LES SORCIÈRES DE DELNABO

Documentation : Lord Blackwood
Tradution : Armanel - conteur / 2023

Autrefois, la ferme de Delnabo était partagée par trois locataires.
Au commencement de cette histoires, les trois locataires vivaient de façon semblable ; chacun aussi à l’aise que les deux autres dans sa situation, aucun plus pauvre que les deux autres dans sa condition. 
 Mais il arriva, que les voisins de la ferme de Delnabo remarquèrent que l’un des trois locataires, bien que plus travailleur et plus talentueux que  ses deux confrères, sombrait chaque jour, un peu plus, dans la pauvreté, tandis que ses deux voisins amélioraient chaque jour leur condition financière. 
Étonnée et affligée par la malchance qui accompagnait ainsi sa famille, comparé à la condition prospère de ses voisins, la femme du pauvre homme avait l’habitude d’exprimer son étonnement, non seulement à ses amis proches, mais aussi aux femmes de ses colocataires elles-mêmes.
Un jour qu’elle se plaignait plus fort que d’habitude, les deux autres épouses lui ont demandé de quoi elle serait capable pour améliorer sa condition. Elle leur a répondu qu’elle donnerait tout ou ferait n’importe quoi. 
_ « Eh bien, dit l’une des deux voisines, si vous acceptez de garder nos révélations strictement secrètes et d’obéir totalement à nos instructions, ni la pauvreté ni le besoin ne vous assailliront plus jamais. »
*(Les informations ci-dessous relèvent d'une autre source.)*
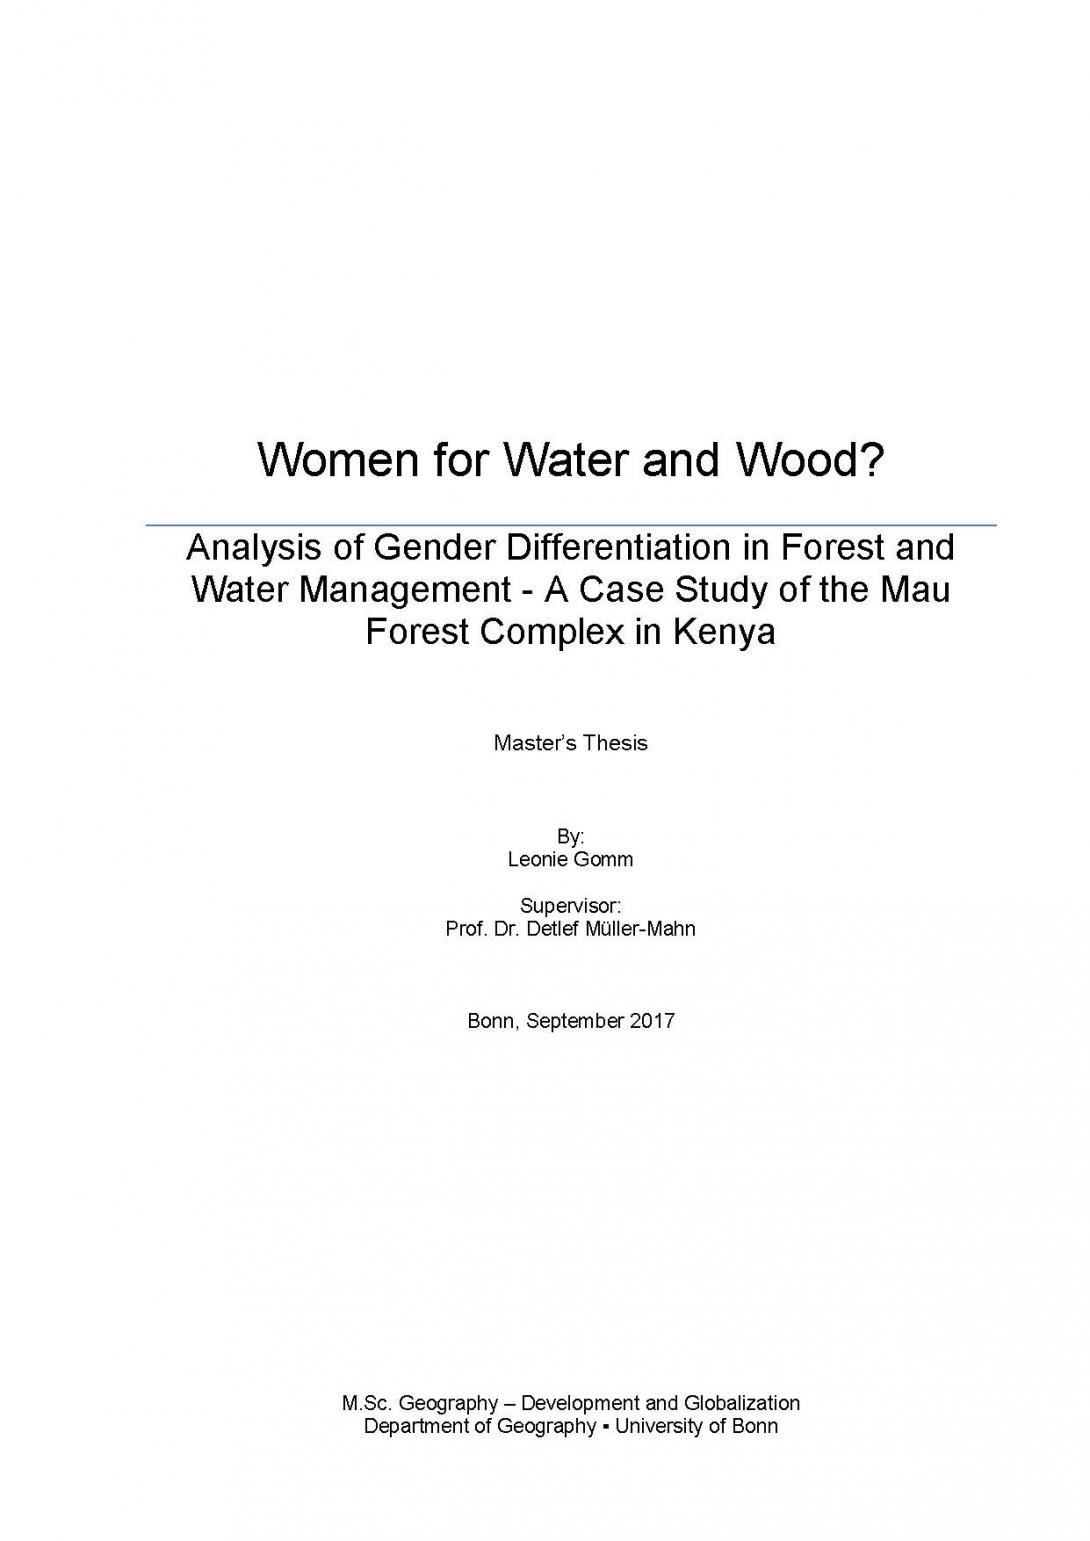 Women for Water and Wood?: Analysis of Gender Differentiation in Forest and Water Management &#8211; A Case Study of the Mau Forest Complex in Kenya

Armanel - conteur ( http://armanel.e-monsite.com

Ces paroles impressionnèrent la femme du pauvre homme qui se demanda immédiatement si ces deux femmes ne pratiquaient pas la sorcellerie. Faisant semblant d’être toute heureuse de leur proposition, elle a promis d’accepter toutes leurs conditions. On lui ordonna alors, d’emporter avec elle le balai de genêts (bien connu pour ses propriétés magiques) lorsqu’elle irait se coucher ce soir-là, et qu’elle devrait laisser aux côtés de son mari au cours de la nuit ; le balai prendrait si exactement la forme de son corps que son mari ne pourrait rien remarquer. En même temps, elles la rassurèrent sur toute crainte de voir le subterfuge découvert, car leurs propres maris ne se rendaient compte de rien, et ce depuis un grand nombre d’années. Les choses étant ainsi arrangées, elle leur affirma qu’elle les rejoindrai à l’heure de minuit, afin de les accompagner à cette scène qui devait réaliser son bonheur futur.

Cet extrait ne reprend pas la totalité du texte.